*** RECORDS FOR THIS EXERCISE ***
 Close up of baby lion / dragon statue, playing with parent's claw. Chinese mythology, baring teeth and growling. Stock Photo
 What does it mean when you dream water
*** End of RECORDS FOR THIS EXERCISE ***
*** RECORDS FOR THIS EXERCISE ***
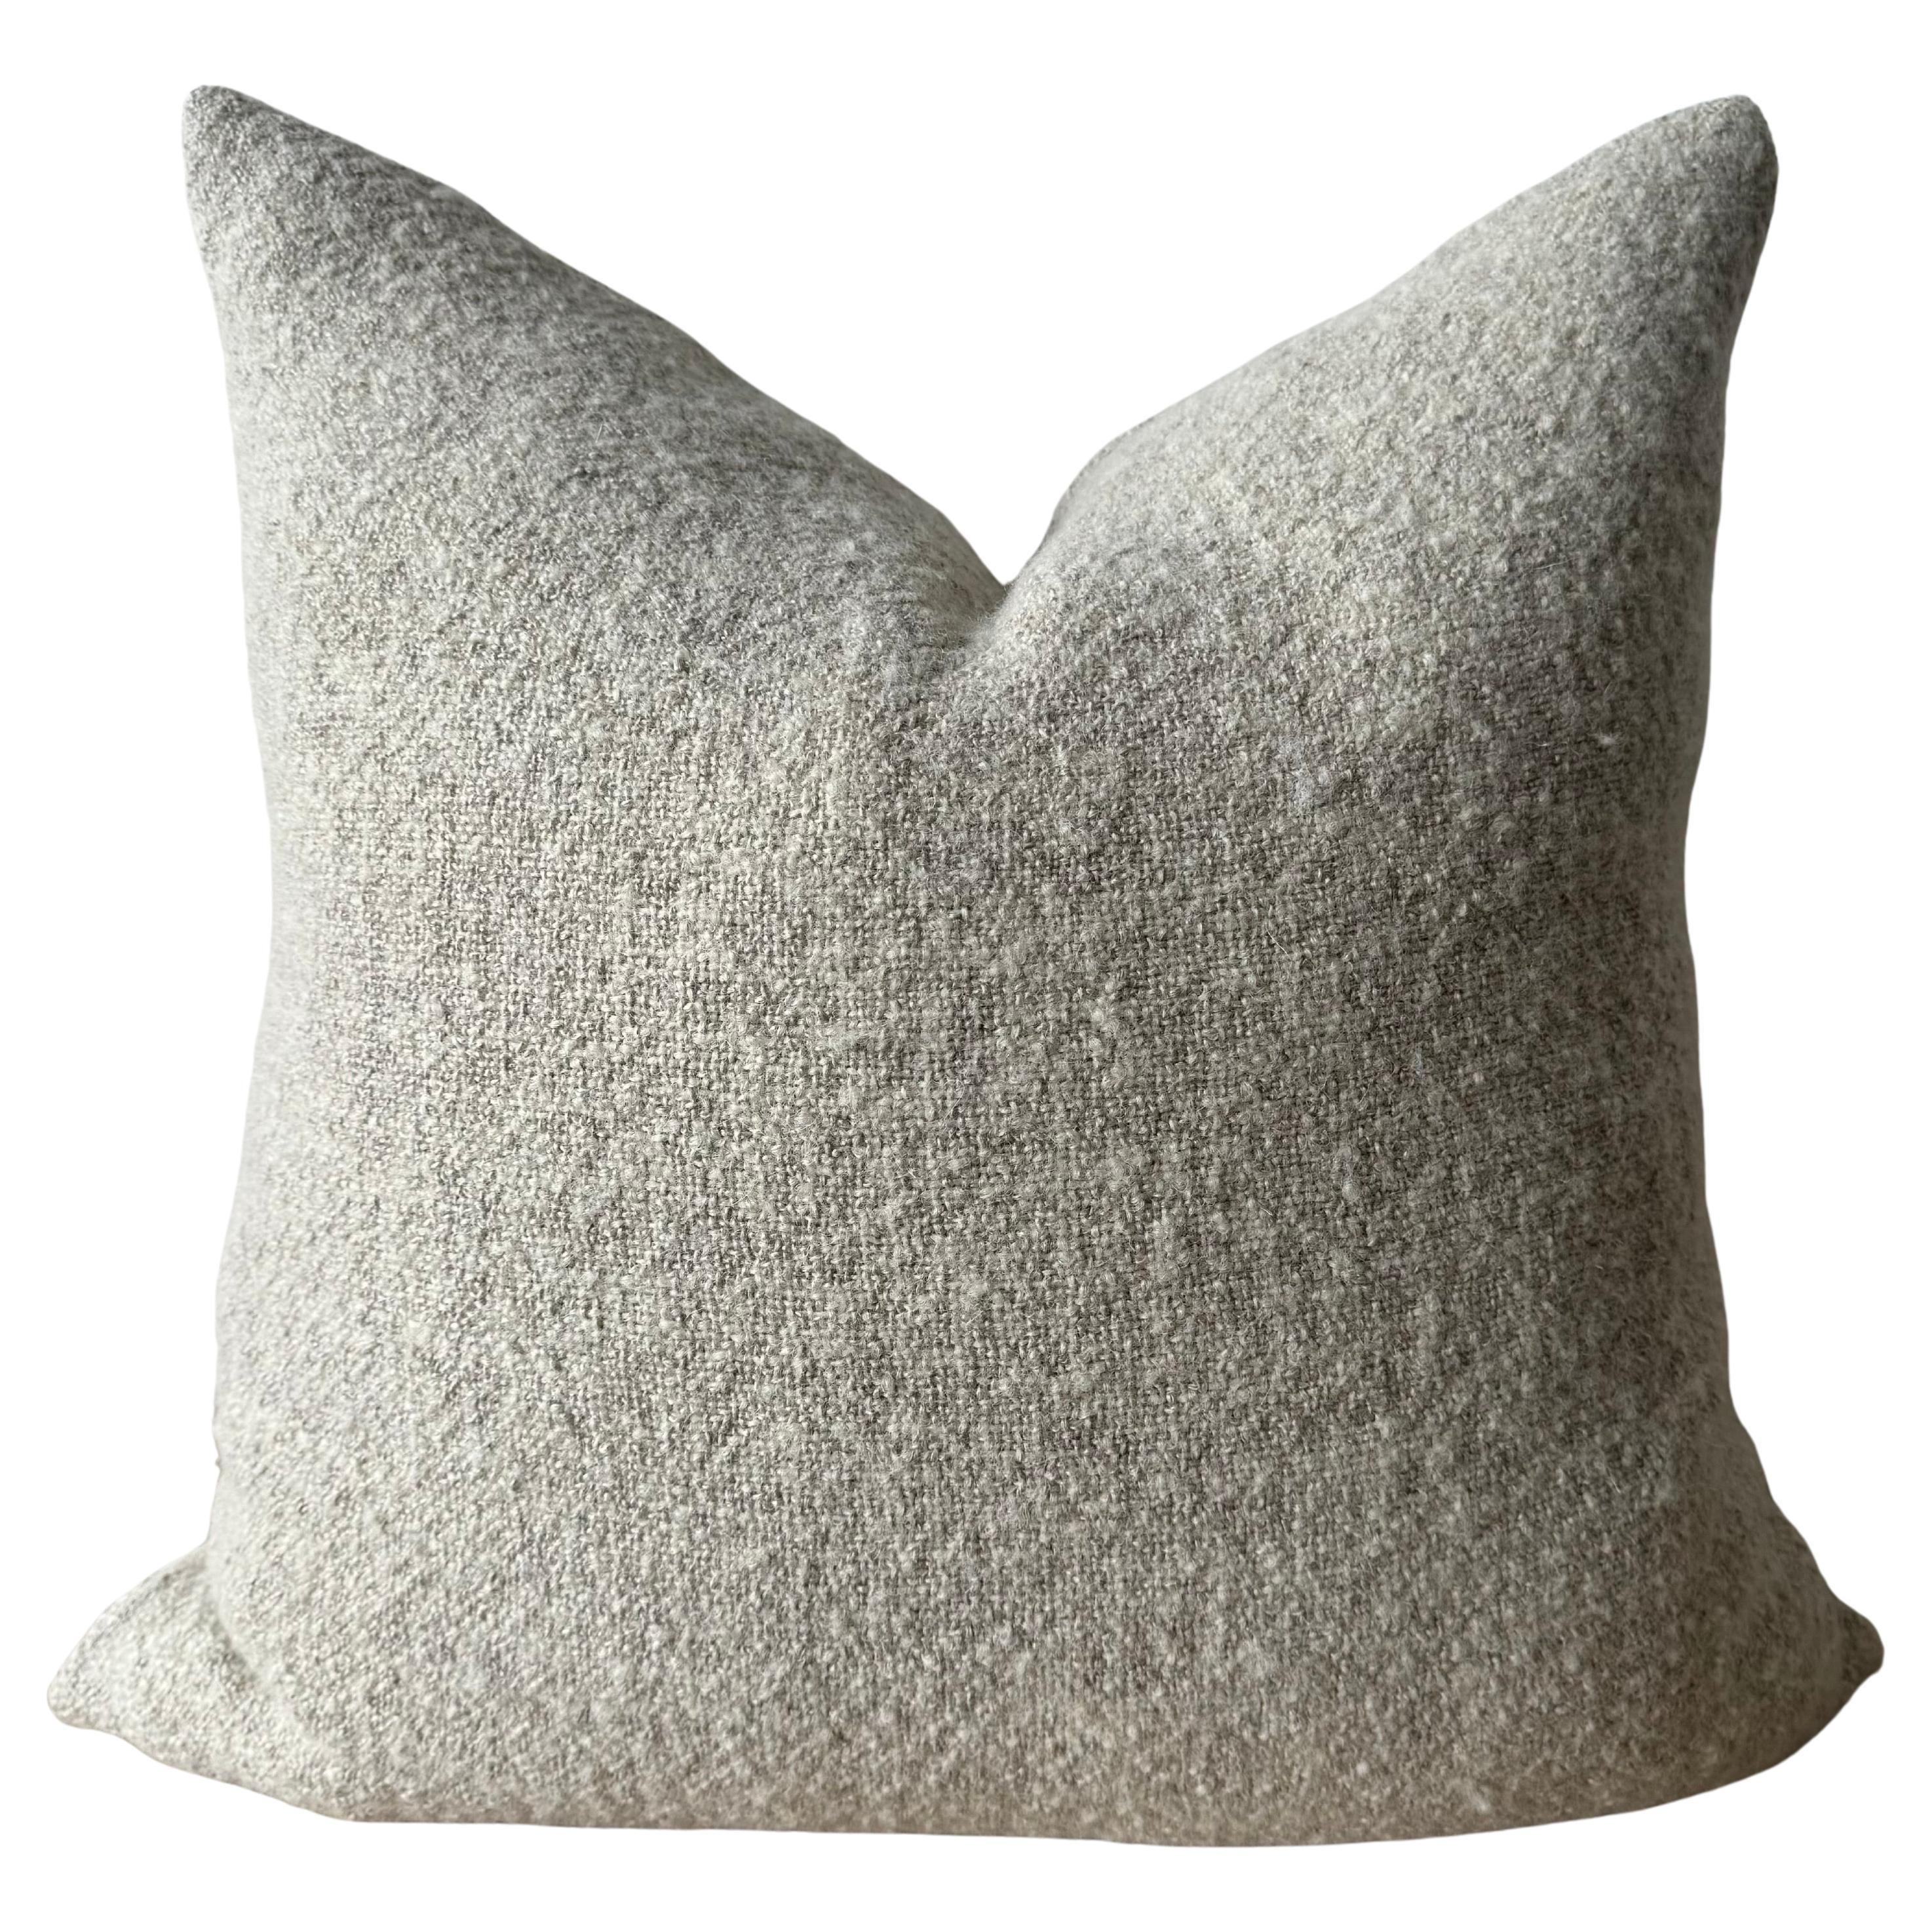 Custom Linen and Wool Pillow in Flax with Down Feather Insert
*** End of RECORDS FOR THIS EXERCISE ***
In the entries above, find the line holding "Close up of" and the line holding "What does it mean when you dream water"; print both of them and every line between, exactly, and nothing else.

## EXPECTED OUTPUT
 Close up of baby lion / dragon statue, playing with parent's claw. Chinese mythology, baring teeth and growling. Stock Photo
 What does it mean when you dream water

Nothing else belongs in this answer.